*YOUR ASSIGNMENT:* Every line of the data below must be output exactly, with images left out.

*THE DATA:*
'''

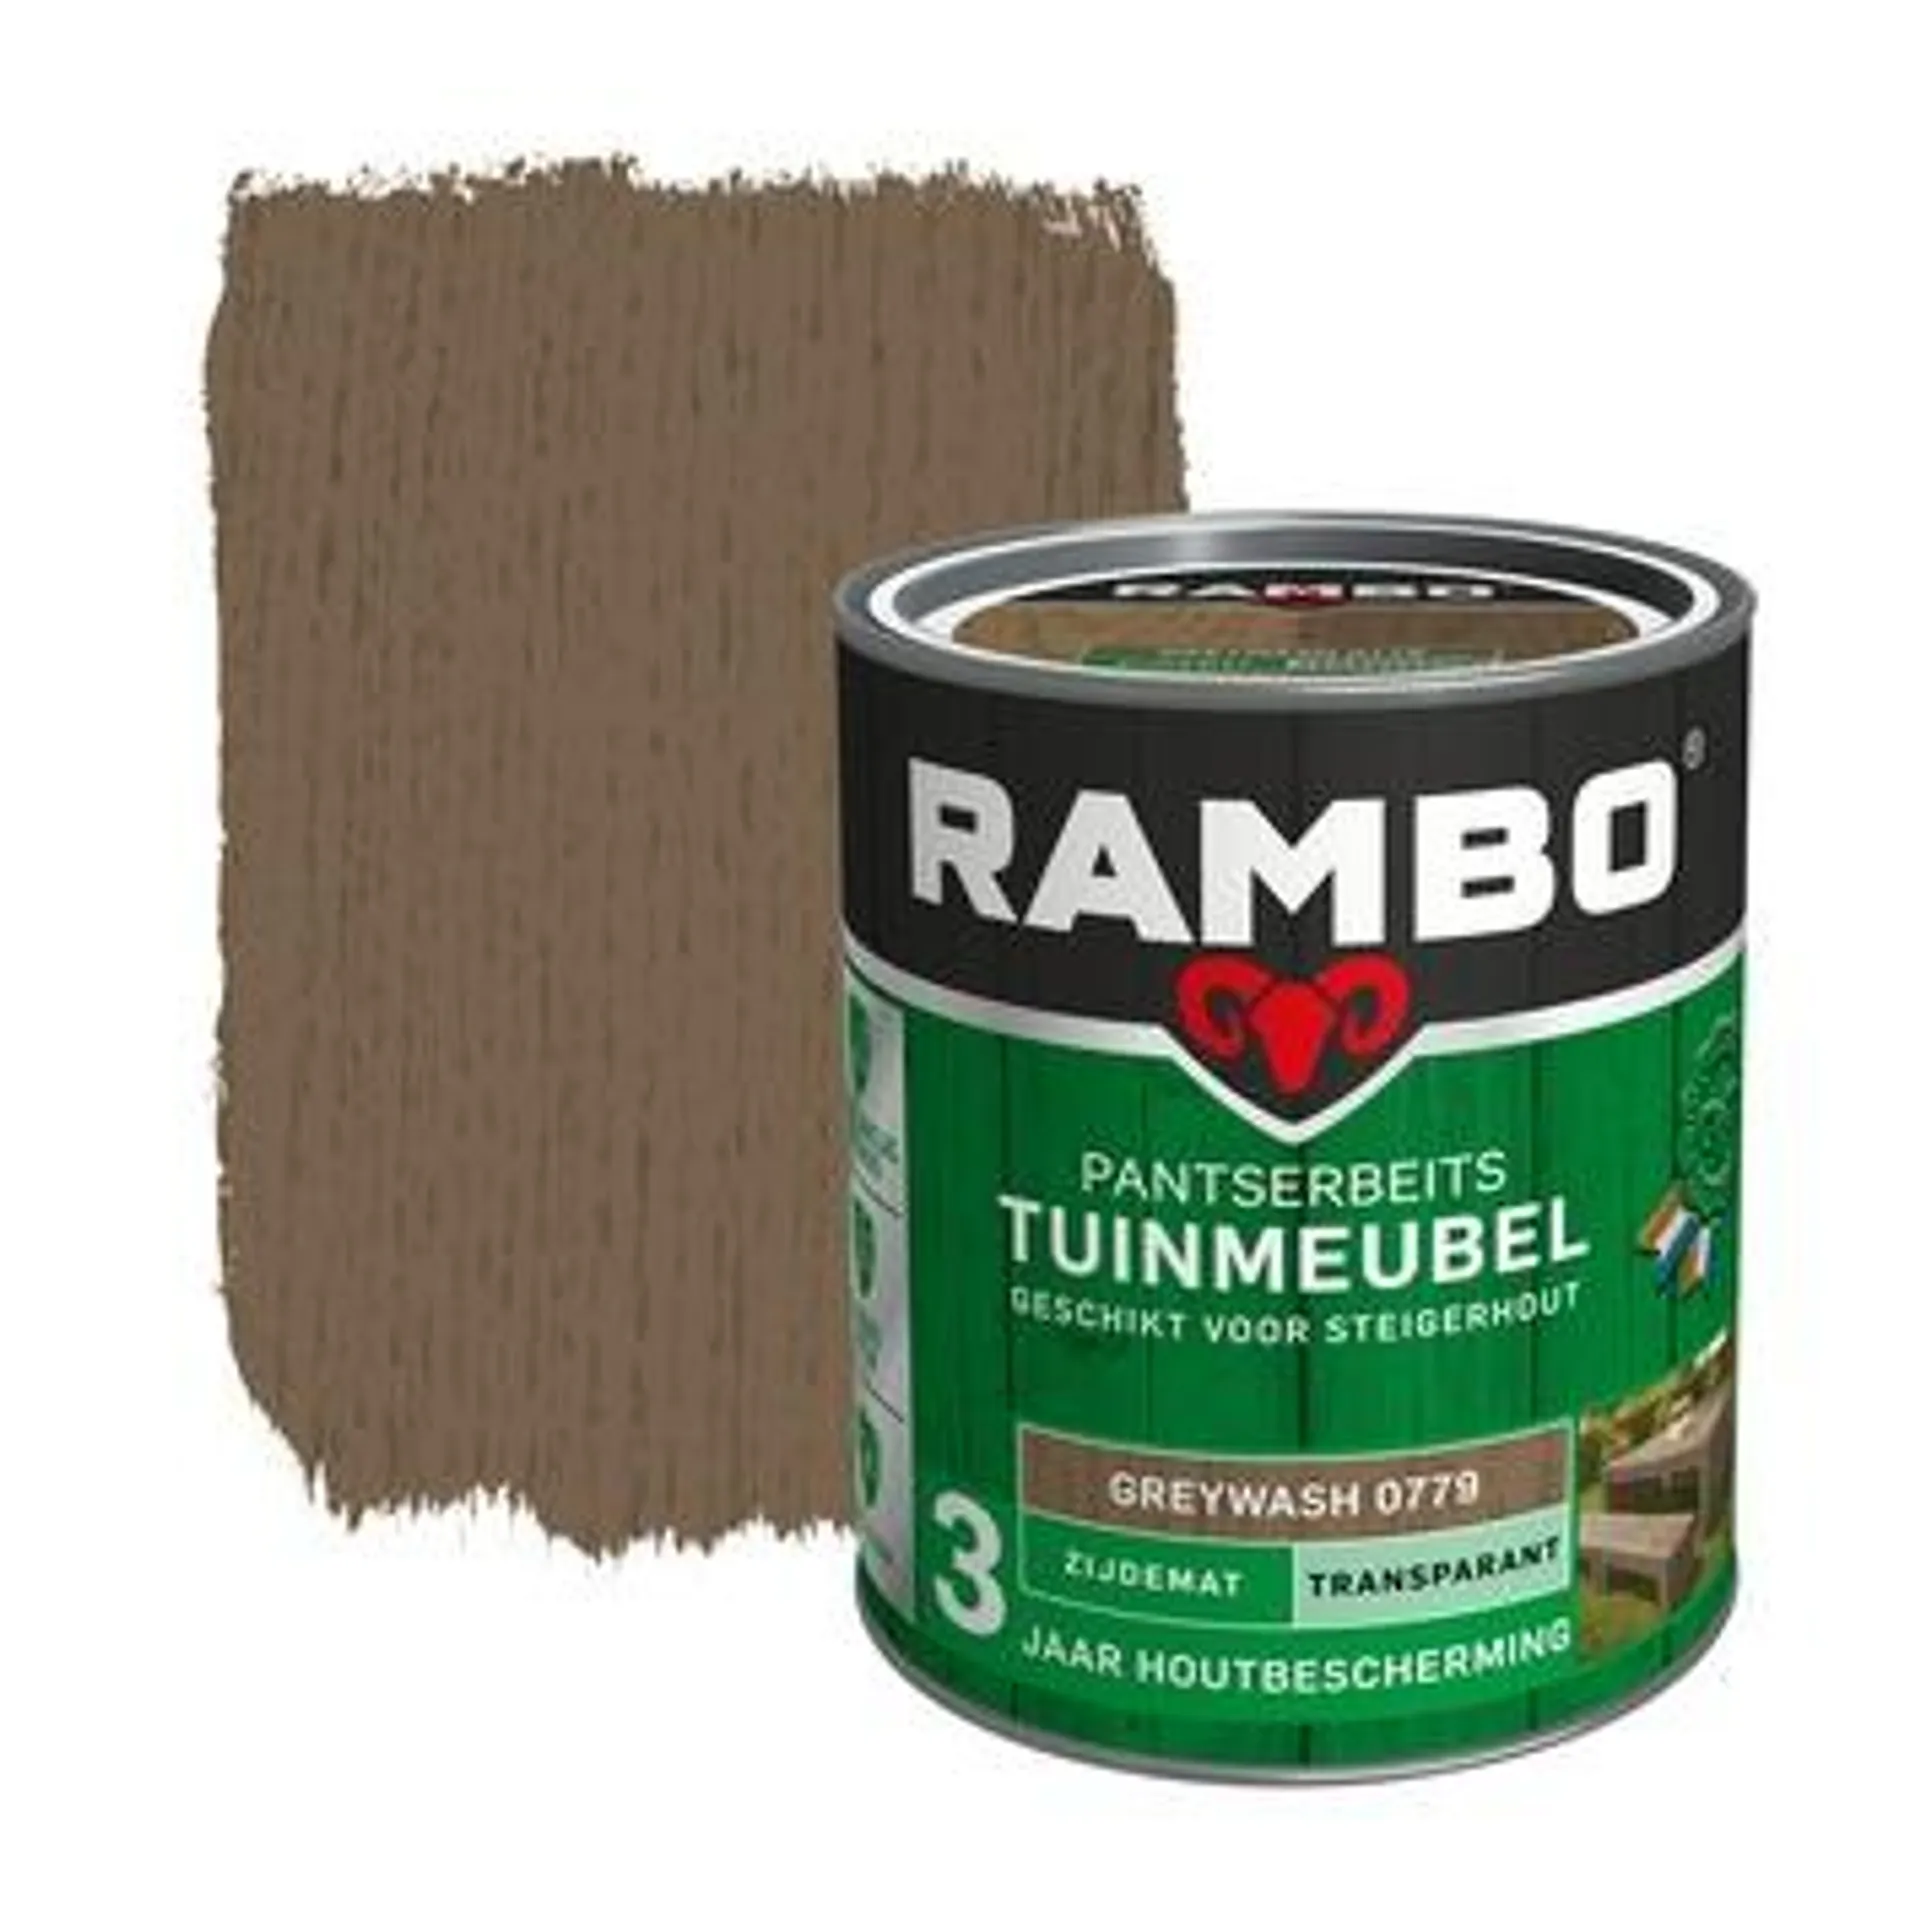 Rambo Pantserbeits Tuinmeubel zijdemat greywash transparant 750 ml
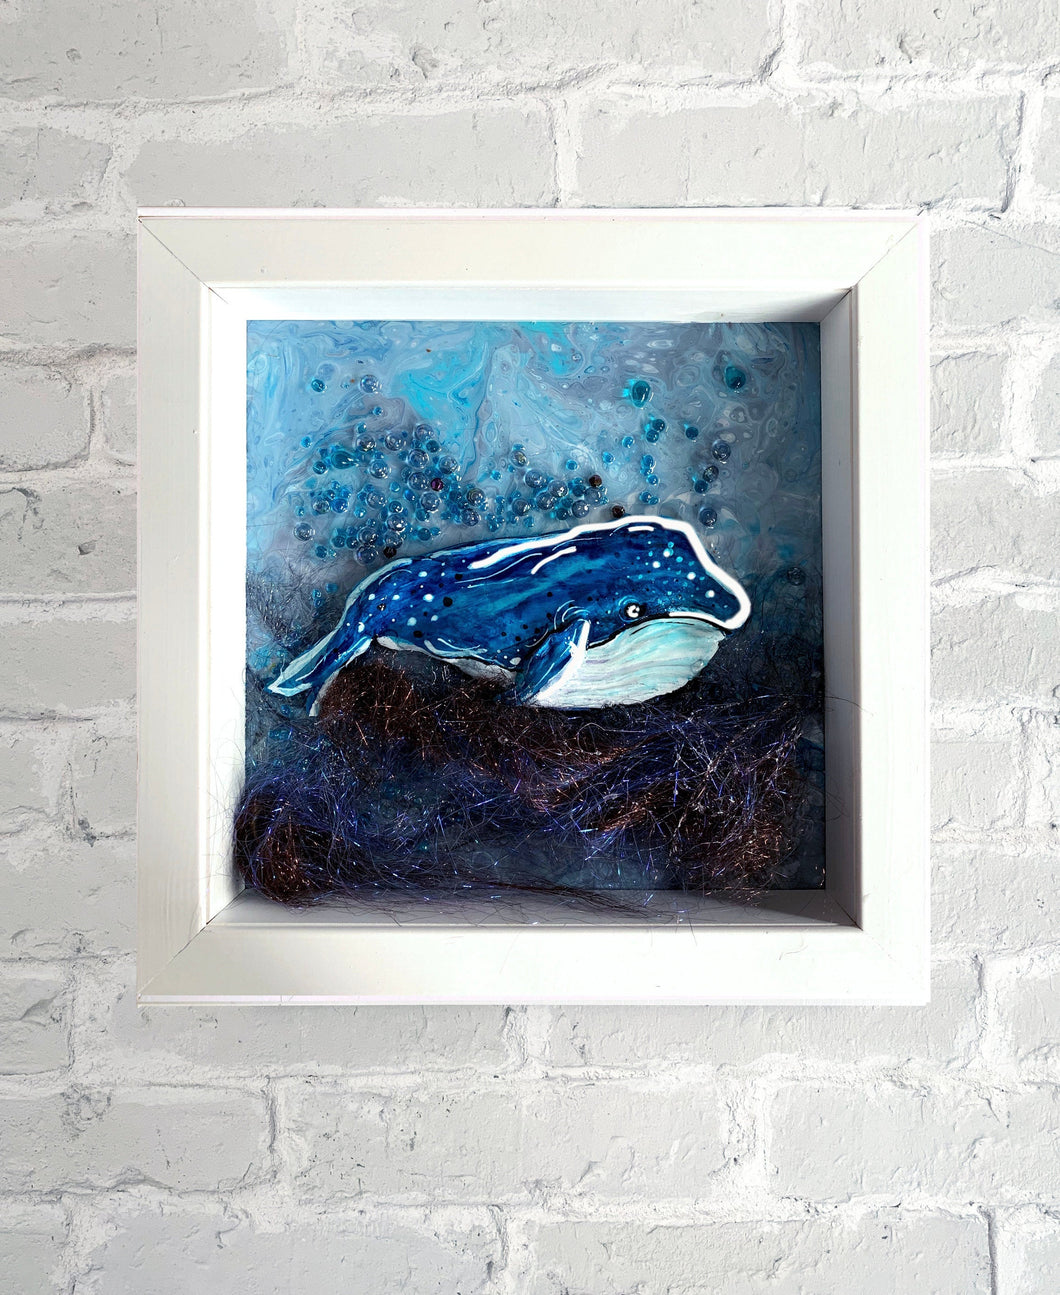 Free Whale - Wonderful piece of art
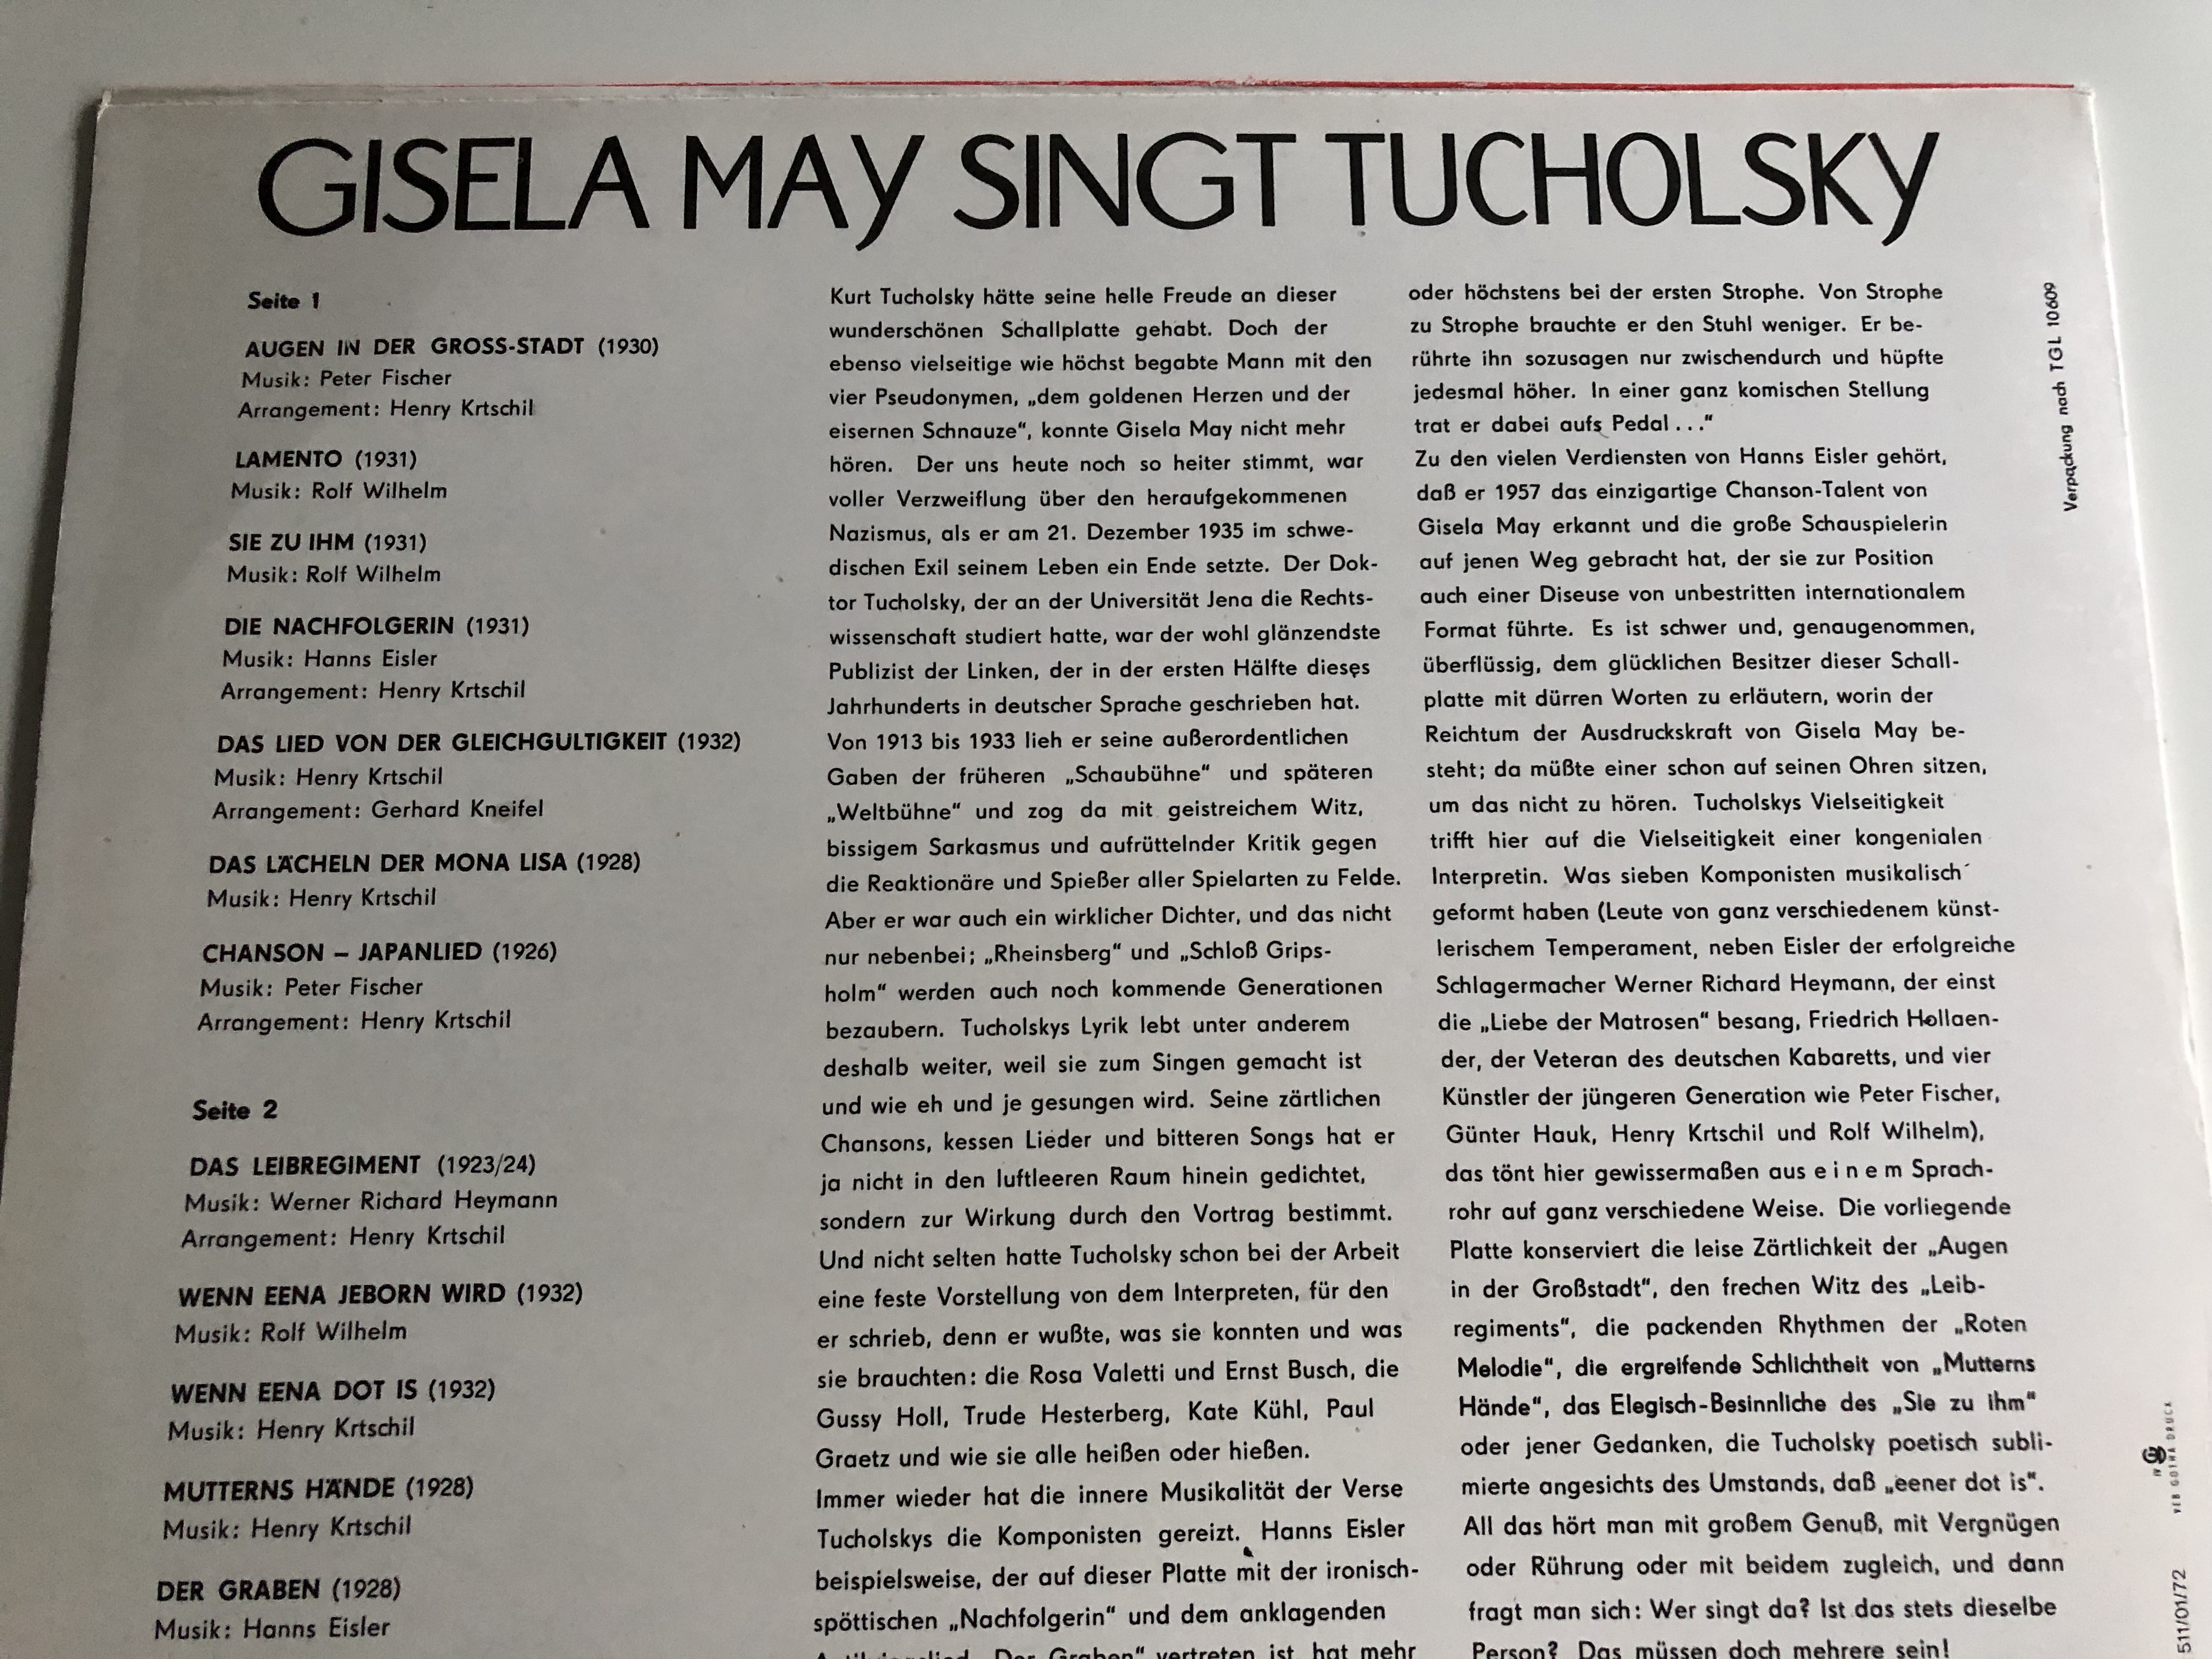 gisela-may-singt-tucholsky-amiga-lp-stereo-8-55-110-3-.jpg

'''

*ANSWER TO THE EXERCISE:*
 Rambo Pantserbeits Tuinmeubel zijdemat greywash transparant 750 ml
 Free Whale - Wonderful piece of art
 gisela-may-singt-tucholsky-amiga-lp-stereo-8-55-110-3-.jpg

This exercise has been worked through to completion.